3.7.1 Option 1: Reading your API key from the notebook#

Pros: Convenient
Cons: Security risk; Ensure to remove your API key before sharing the notebook

To set API key from your notebook, you need to import the operating system module os and use os.environ['Environment_variable']= 'API_key' to set the API for your selected provider.

The example below is for OpenAI provider:

%load_ext jupyter_ai
import os
os.environ['OPENAI_API_KEY'] = 'add your OpenAP API key here'

Try it out:

## Load Jupyter AI extension
# %load_ext jupyter_ai 
# # Set API key
# import os
# os.environ['OPENAI_API_KEY'] = 'add your OpenAP API key here'

3.7.2 Option 2: Reading API key from an external file#

Pros: Enhanced security; Separating the API key into a separate file enables sharing the notebook without exposing the key
Cons: Additional setup required; You must include the code snippet below at the start of each notebook and specify the path to your API key file

To set an API key from a file, copy and paste your API-key to a textfile, let us say ‘OPENAI_API_KEY.txt’. Then place this code at the beginning of your file. Make sure to change the file_path_name as needed.

# # Load Jupyter AI extension
# %load_ext jupyter_ai

# #Read API key from a file
# def read_API_Key(file_name):

#     # Open the file in read mode 
#     with open(file_name, 'r') as file:
#         # Read the content of the file
#         API_key = file.read().strip()  # strip() removes any leading or trailing whitespace
#     return API_key

# # Set API key
# import os
# file_path_name = 'ai_assistant/OPENAI_API_KEY.txt'
# os.environ['OPENAI_API_KEY'] = read_API_Key(file_path_name)

3.7.3 Option 3: Create an authentication module#

Pros: Versatile solution; Enables authentication for various providers from any location
Cons: Technical proficiency needed; Involves coding skills

At the beginning of my notebook, I can place these three lines to load AI magic commands and set up environment variable authentication:

%load_ext jupyter_ai
from ai_assistant import api_key  # Import the api_key module
api_key.set_API_key('OPENAI')     # Set the API key for the selected provider: 'OPENAI' or 'ANTHROPIC'

By passing the provider name to the api_key.set_API_key() function, authentication is performed based on the API key saved in a file. The module is saved somewhere on my machine, but I can import it from anywhere because I structured it as a package with __init__.py, rather than just a single Python module file as we covered in a previous lesson.

While we have not covered package structures, you can ask your generative AI model to demonstrate how to create a package like ai_assistant and develop a module such as api_key with the set_API_key function.

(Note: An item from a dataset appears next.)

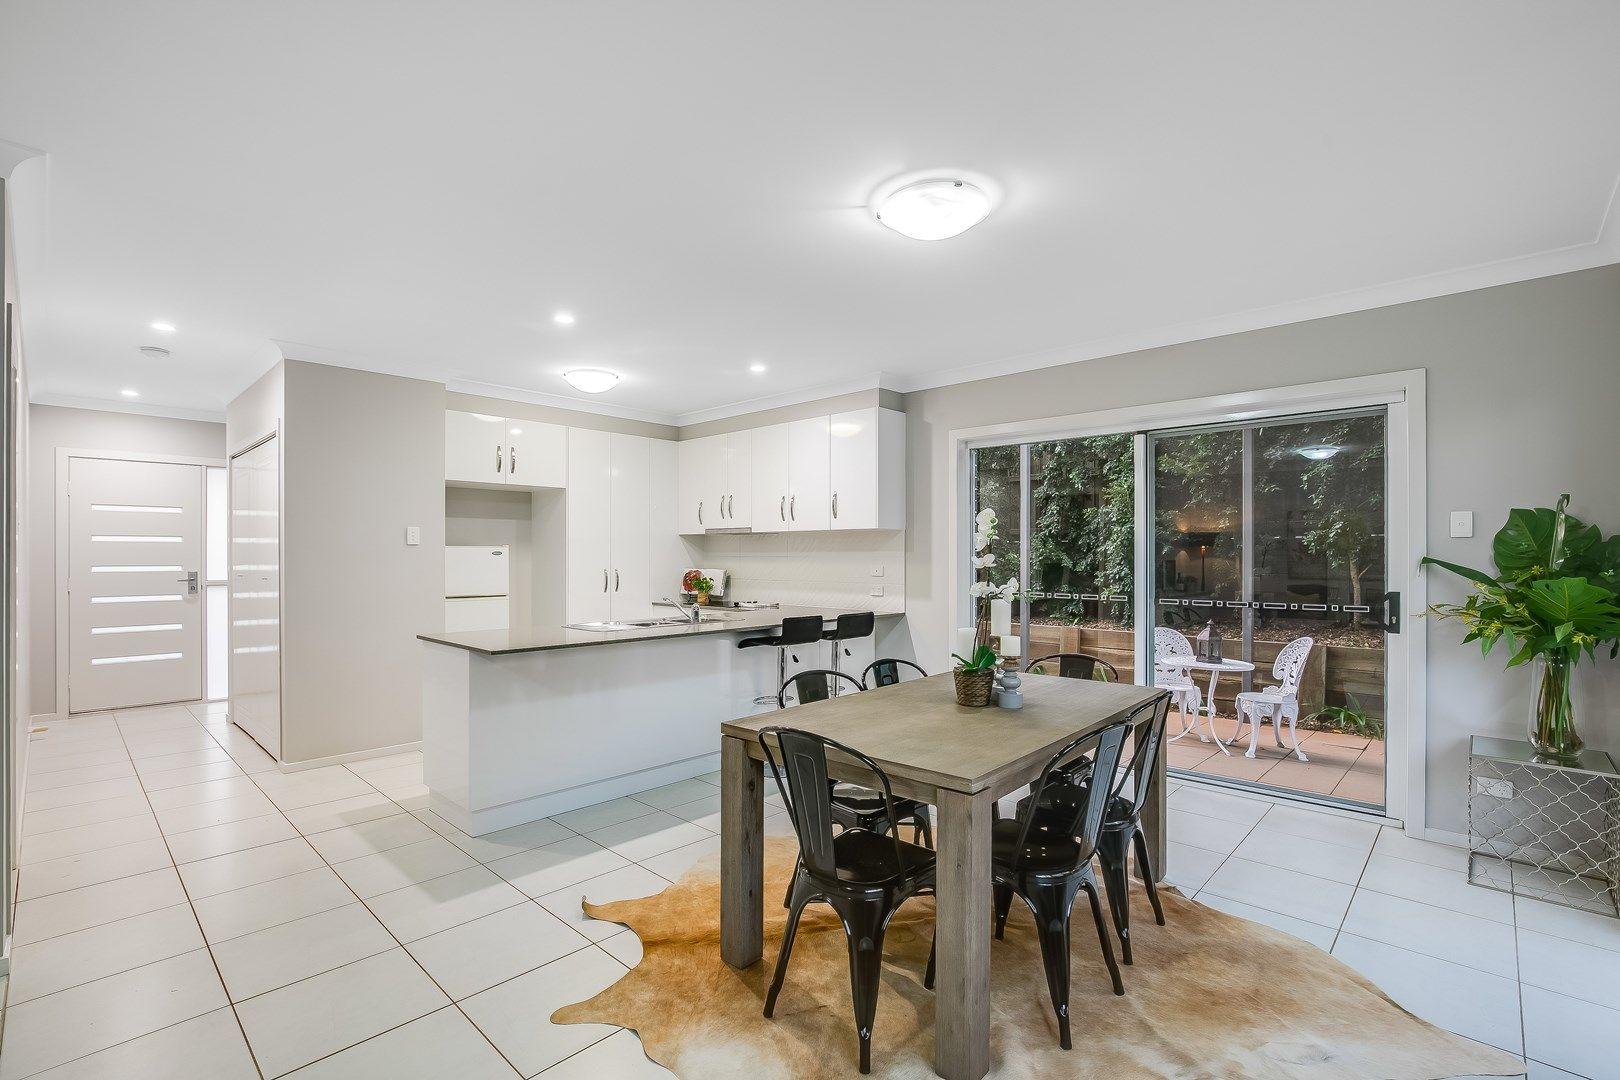 2/5 Messines Street, Harlaxton QLD 4350, Image 0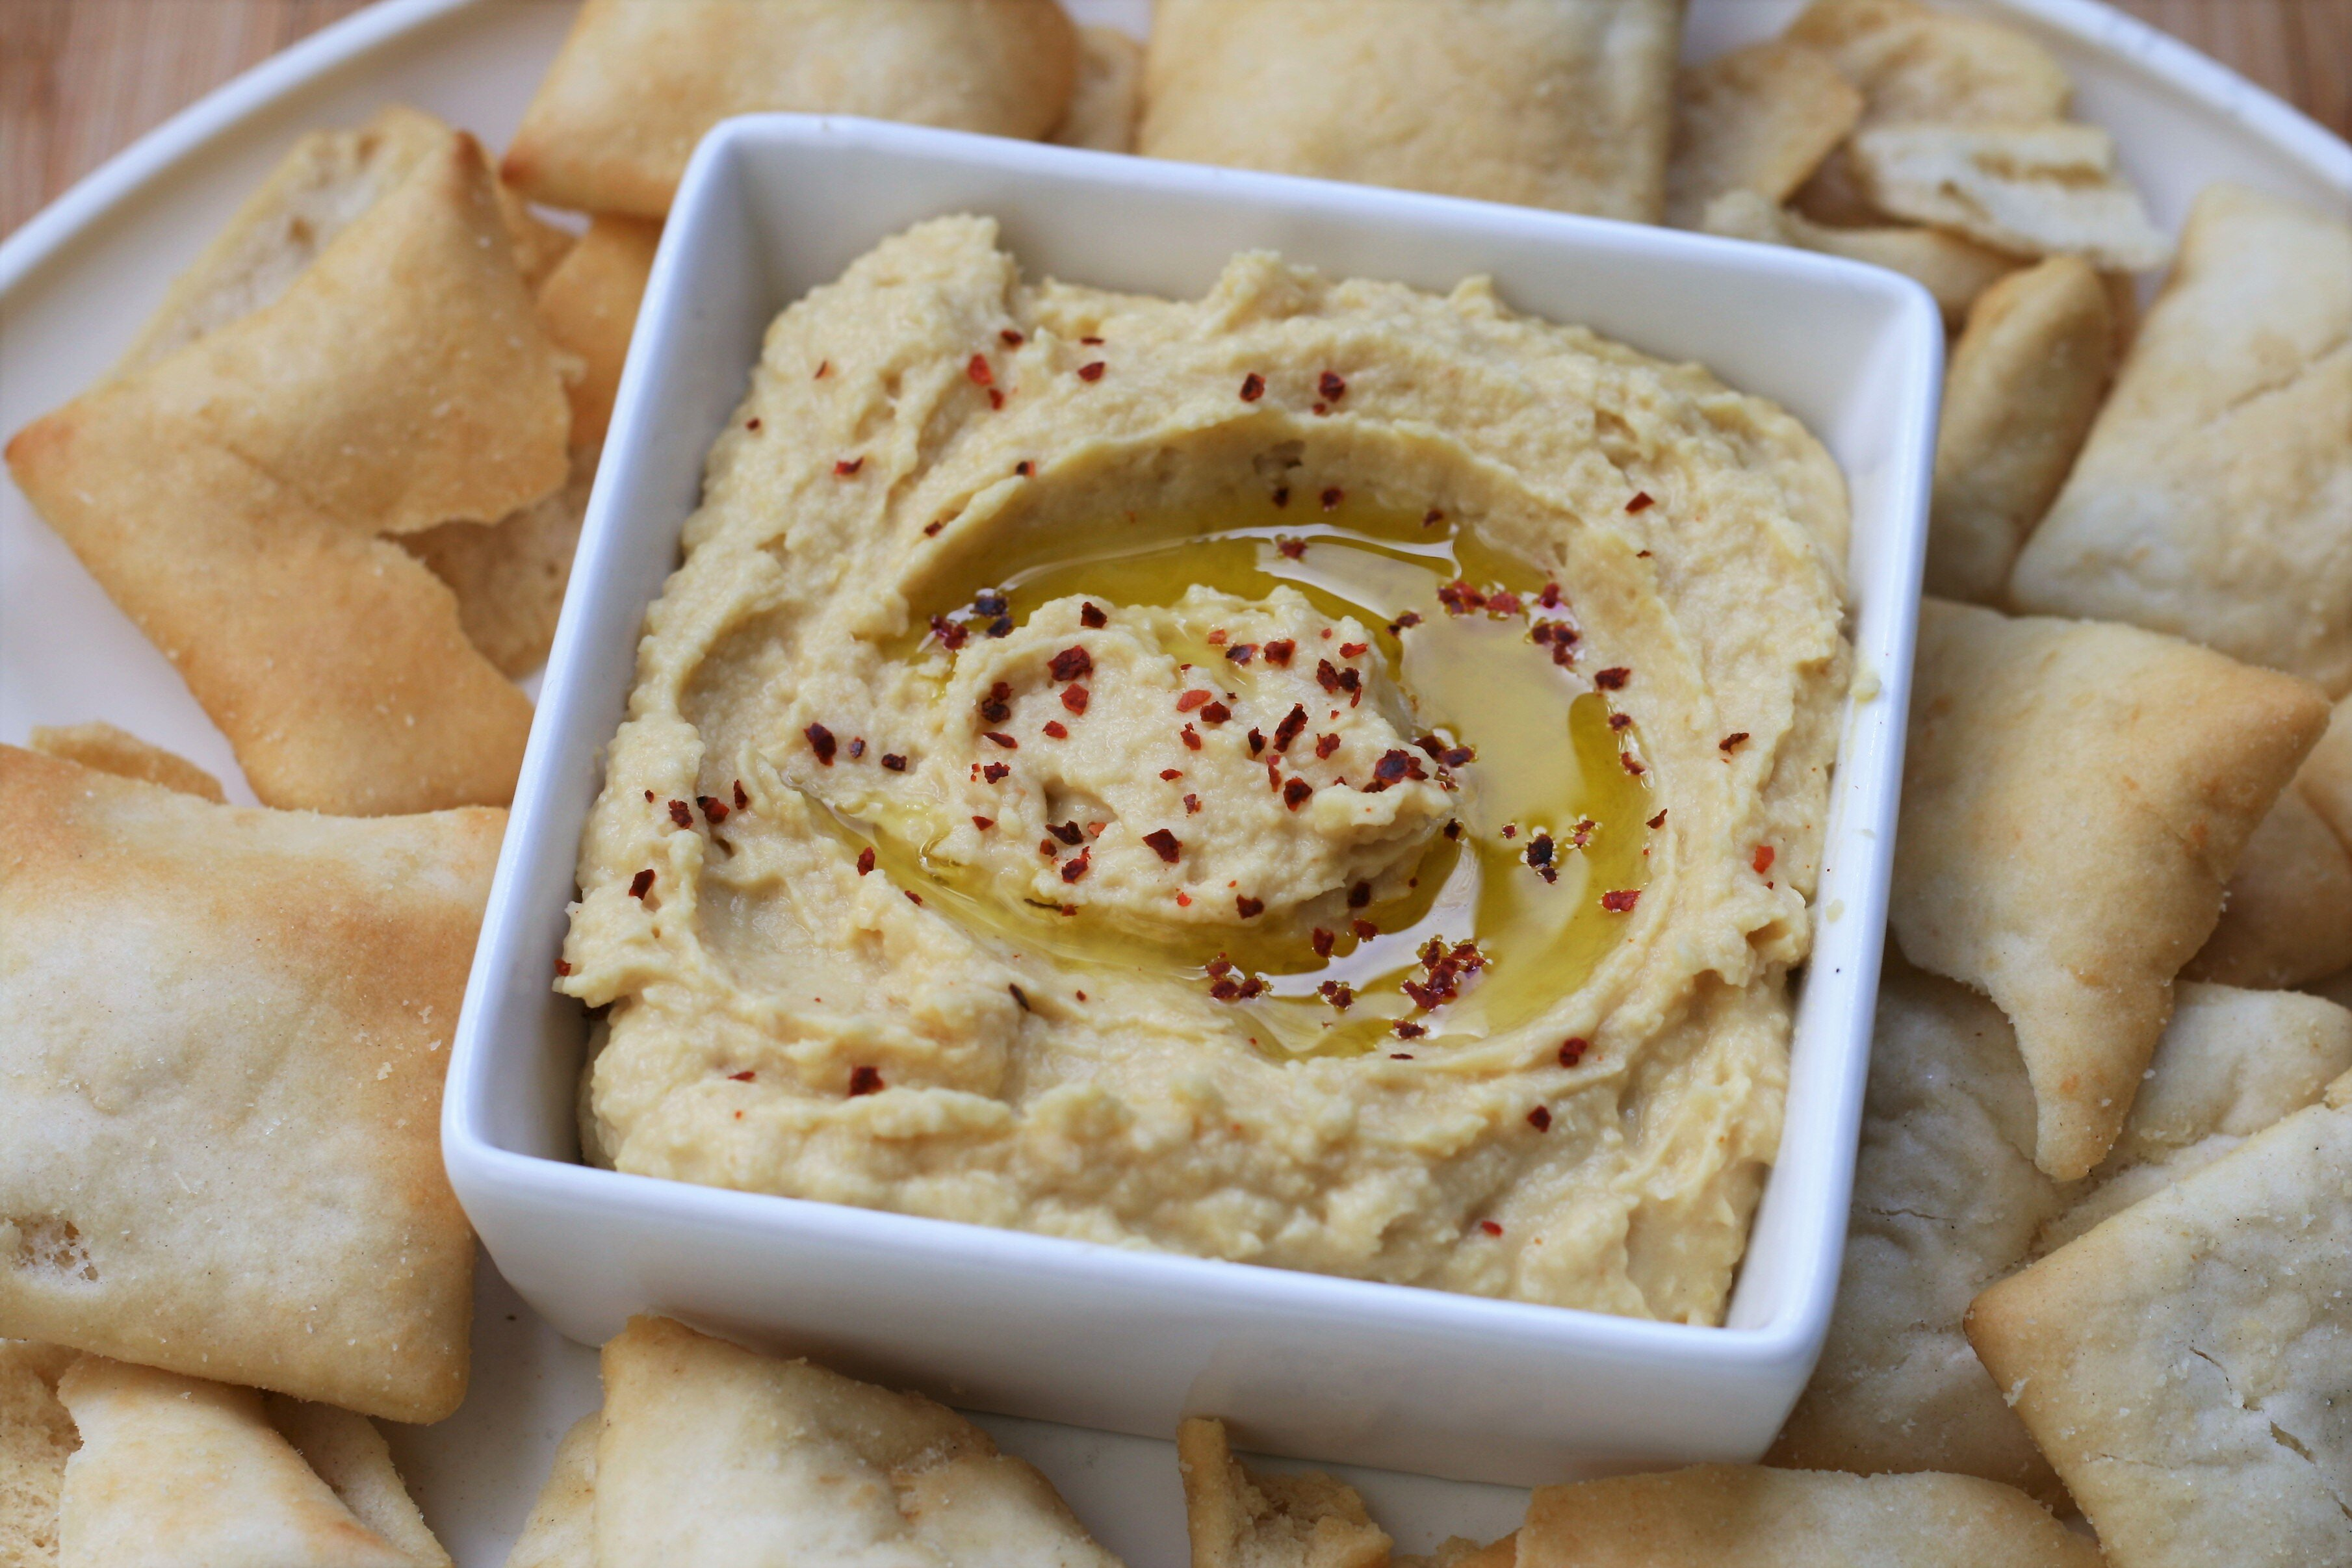 tahiniless hummus recipe

# %load_ext jupyter_ai              
# from ai_assistant import api_key  #Import api_key module  
# api_key.set_API_key('OPENAI')     #Set API key for selected Provider: 'OPENAI' and 'ANTHROPIC'

2.8 Getting help (optional)#

Let use look at the help of Jupyter AI to learn about what Jupyter AI offers and how to use this AI code assistant.

#Getting help
%ai --help

Usage: %%ai [OPTIONS] [MODEL_ID]

  Invokes a language model identified by MODEL_ID, with the prompt being
  contained in all lines after the first. Both local model IDs and global
  model IDs (with the provider ID explicitly prefixed, followed by a colon)
  are accepted.

  To view available language models, please run `%ai list`.

Options:
  -f, --format [code|html|image|json|markdown|math|md|text]
                                  IPython display to use when rendering
                                  output. [default="markdown"]
  -n, --region-name TEXT          AWS region name, e.g. 'us-east-1'. Required
                                  for SageMaker provider; does nothing with
                                  other providers.
  -q, --request-schema TEXT       The JSON object the endpoint expects, with
                                  the prompt being substituted into any value
                                  that matches the string literal '<prompt>'.
                                  Required for SageMaker provider; does
                                  nothing with other providers.
  -p, --response-path TEXT        A JSONPath string that retrieves the
                                  language model's output from the endpoint's
                                  JSON response. Required for SageMaker
                                  provider; does nothing with other providers.
  -m, --model-parameters TEXT     A JSON value that specifies extra values
                                  that will be passed to the model. The
                                  accepted value parsed to a dict, unpacked
                                  and passed as-is to the provider class.
  --help                          Show this message and exit.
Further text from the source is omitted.